# need to know.....



## c_pierce705 (Aug 30, 2007)

What does everyone think of shipping live animals? I think it may be the only way I can get a tort......opinions??


----------



## Tegan (Aug 30, 2007)

I had my hingbacks shipped via fedex. I wouldn't recomend haveing it done that way. When the driver got here he was spinning the box like a basketball and it was clearly marked live animal-reptlie. I about tore the guy a new a**hole. You can however get thim shipped via the airlines and not have to worry so much. If you do deside to get them shipped i can give you the link to the guy i got my hingbacks from. He was very helpful and easy to work with. 



c_pierce705 said:


> What does everyone think of shipping live animals? I think it may be the only way I can get a tort......opinions??


----------



## Jentortmom (Aug 30, 2007)

Lots of people have there turtles and tortoises shipped to them. I was told the DHL does really well with shipping, or of course the airlines. Who ever you buy your tortoise from should know how to ship and can recommend really good shipping companies to use. Where are you looking for tortoises at ?? If you PM me I can give you some good sites for tortoises and turtles depending on what you are looking for.


----------



## c_pierce705 (Aug 31, 2007)

jenrell23 said:


> Lots of people have there turtles and tortoises shipped to them. I was told the DHL does really well with shipping, or of course the airlines. Who ever you buy your tortoise from should know how to ship and can recommend really good shipping companies to use. Where are you looking for tortoises at ?? If you PM me I can give you some good sites for tortoises and turtles depending on what you are looking for.




Im looking at a russian or a golden greek.....havent really decided yet


----------



## Jentortmom (Aug 31, 2007)

They have heat when shipped in cooler months to keep them warm.

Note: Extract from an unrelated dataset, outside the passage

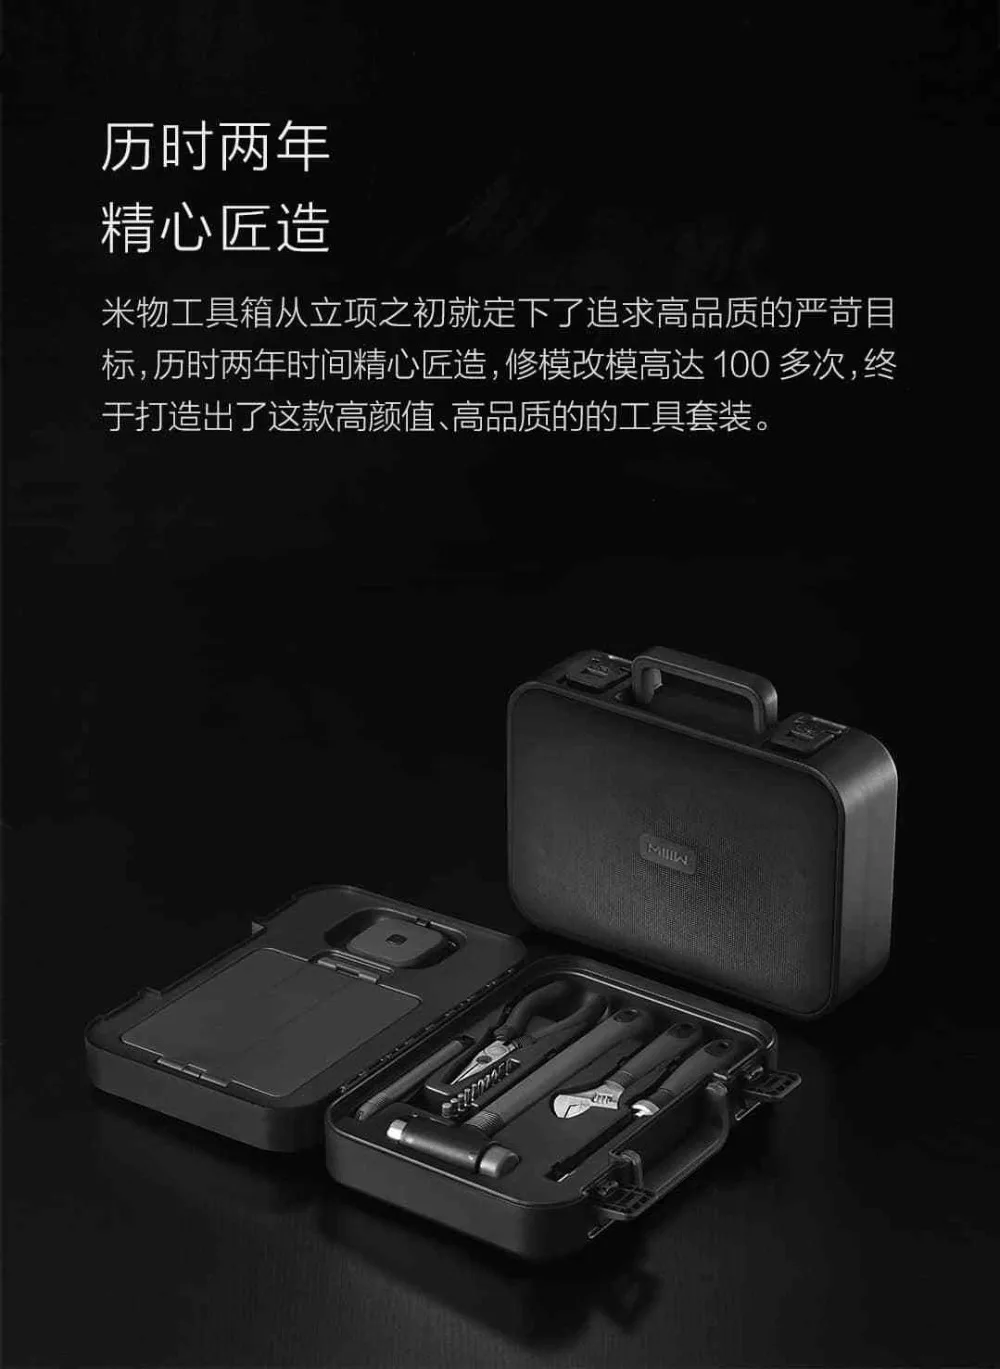 xiaomi mijia rice toolbox 6 plus 2 для инструментов внутри части коробка для хранения умный дом ящик для инструментов

If you are looking at Russians let me know, I know of a few that are for sale and maybe they are close to you and you wouldn't have to ship. PM me and I will see if I still have the picks for them.


----------



## transtort (Aug 31, 2007)

rachel30b said:


> c_pierce705 said:
> 
> 
> > jenrell23 said:
> ...


----------



## c_pierce705 (Aug 31, 2007)

rachel30b said:


> c_pierce705 said:
> 
> 
> > jenrell23 said:
> ...



Well, I didnt say I was going to. I wanted to know about other peoples experiences really. It seems like a lot of breeders will ship so I figure it cant be too dangerous. Of course Im worried about putting my tort in a box and having him shipped. On the other hand, Im truly interested in owning a tort and have not had much luck finding a reputable breeder in my area.


----------



## c_pierce705 (Sep 1, 2007)

rachel30b said:


> any reputable breeder will not ship a tortoise i do not know where you are from im england
> 
> basically if they are willling to courier there tortoises they are just interested in the money and not the welfare of the tortoise
> 
> ...



Well, I got a website address from 2 people on this forum and at least half of them were willing to ship. So, thats why Im asking people if they had their tortoise shipped. Im in America, Wisconsin


----------



## c_pierce705 (Sep 1, 2007)

Anyway, is there anyone who can give me some real pro's and con's to shipping? How many have had their tort shipped? Any big things I should be aware of when picking a shipping method?


----------



## Rees2 (Sep 2, 2007)

Sometimes they get smashed and die.Ill pm you pictures if you want but there really sad.I say you should try to adopt one.


----------



## atoccy (Sep 3, 2007)

i would say join some tort forums that have local members. they will recommend breeders!
Shipping a tort is dangerous and very stressful!

wendy


----------